The early autumn fog season is here and the next eight months, from the fall through early spring months, will feature several reasons for fog to form more often.  Fewer hours of daylight, damp or snow-covered ground, and periods of light wind all contribute to fog development.


Sunrise on Saturday Morning

At sunrise on Saturday morning of Labor Day weekend I began a three-hour drive to northwest Iowa where I would attend one of my favorite music festivals.   My only weather concern (fairly common at the end of summer) was the potential for dense morning fog following some late day rain showers twelve hours prior.  With damp ground and light wind the stage was set for fog development.   I knew that good visibility at sunrise might not last as late summer fog can continue to develop for an hour or two after sunrise.   Happily, along my driving route only light fog formed.  The ingredient keeping the fog from thickening was a low overcast.  That layer of low clouds prevented the radiational process which often makes for thicker fog and lower visibility.


Maturing Crops Are Moisture Laden

in late summer and early fall, the maturing crops covering much of the landscape are moisture laden.  This allows ground fog to form on clear and calm nights.  Since the amount and type of vegetation — and even air temperatures — vary a lot over short distances, the visibility may vary wildly over just a few hundred feet.  This can be quite hazardous for travelers, at a time of year when tall crops limit visibility at many intersections.  In addition to reducing visibility, this fog leaves condensation on windshields making it even harder to see.  Using the car defroster with the temperature set to warm may be necessary!  Because fog can be difficult to forecast, and because its density can vary so much over a short distance, your local forecast will not usually contain an advisory for fog unless it becomes widespread.

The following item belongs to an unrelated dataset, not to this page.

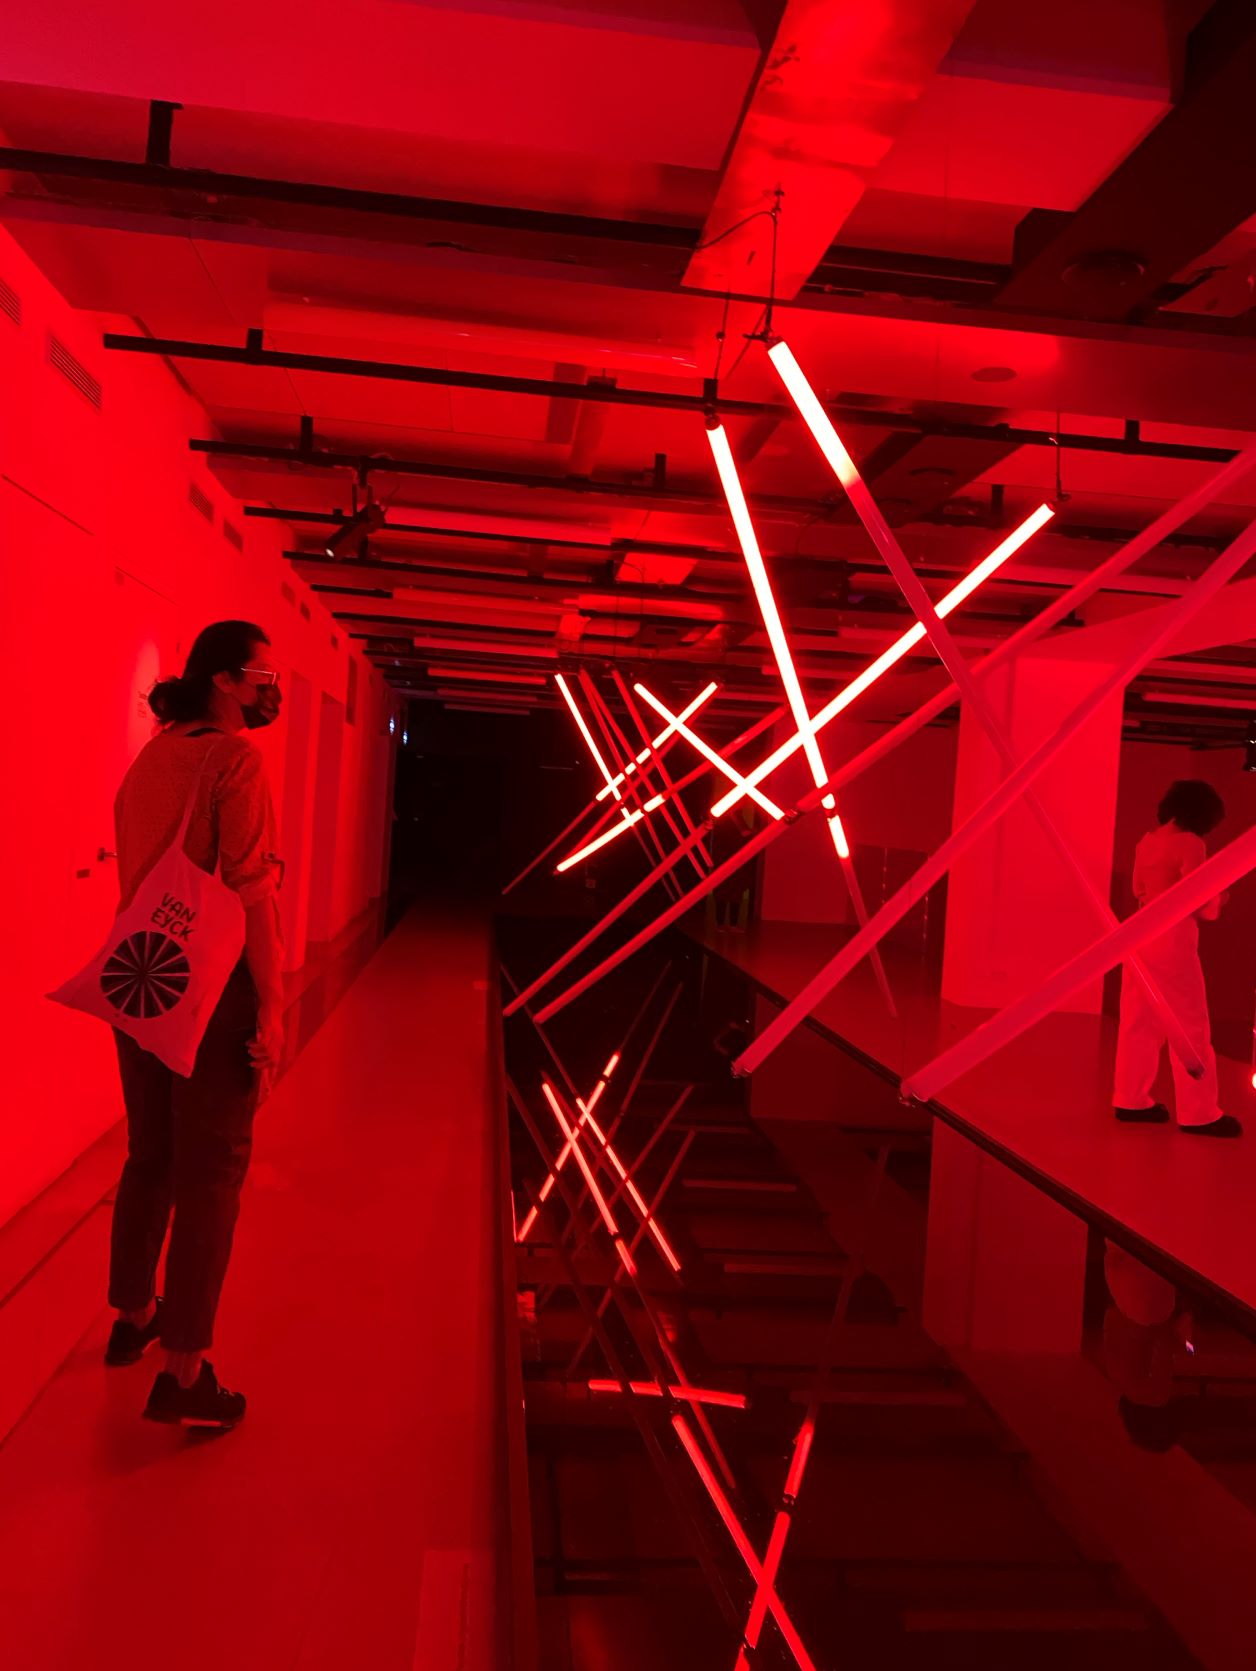 Visiting the solo exhibition of Olivier Ratsiy at La Gaîté Lyrique. The works provide viewers with a multi-sensory experience through light, shadows, and colors.

Mid-Winter Fog Forms at Night

In mid-winter, fog forms at night following the partial daytime thawing of snow cover.  This fog may even persist during daylight hours if a mild and high-moisture air mass (usually from the south) moves over the snow cover.  This is also a weather pattern which can allow roadway frost to form as noted in my blog post from January 21, 2017. Fog forming via this process can be of long duration due to the low (weak) winter sun angle and the limited hours of daylight, especially if there is no source of drier air at the low levels.


Spring Fog will Form

In both winter and spring, fog will form north of a warm front when a humid air mass overruns the colder air mass at the surface and still-chilly ground.   This process can operate during the day as well as at night.   If it is below the freezing mark, icy drizzle or even direct condensation of frost onto colder surfaces will test windshield wipers and defrosters.  Since spring rains also develops along warm fronts, heavier showers sometimes allow a widespread fog to briefly lift – until the rain stops and visibility lowers once again.

During my driving experience described above I was grateful for the cloud layer above that kept away all but the smallest amount of fog below.  If you try to think about the various processes working to make our weather, you can be more prepared for the visibility challenges of fog at this and other times of the year.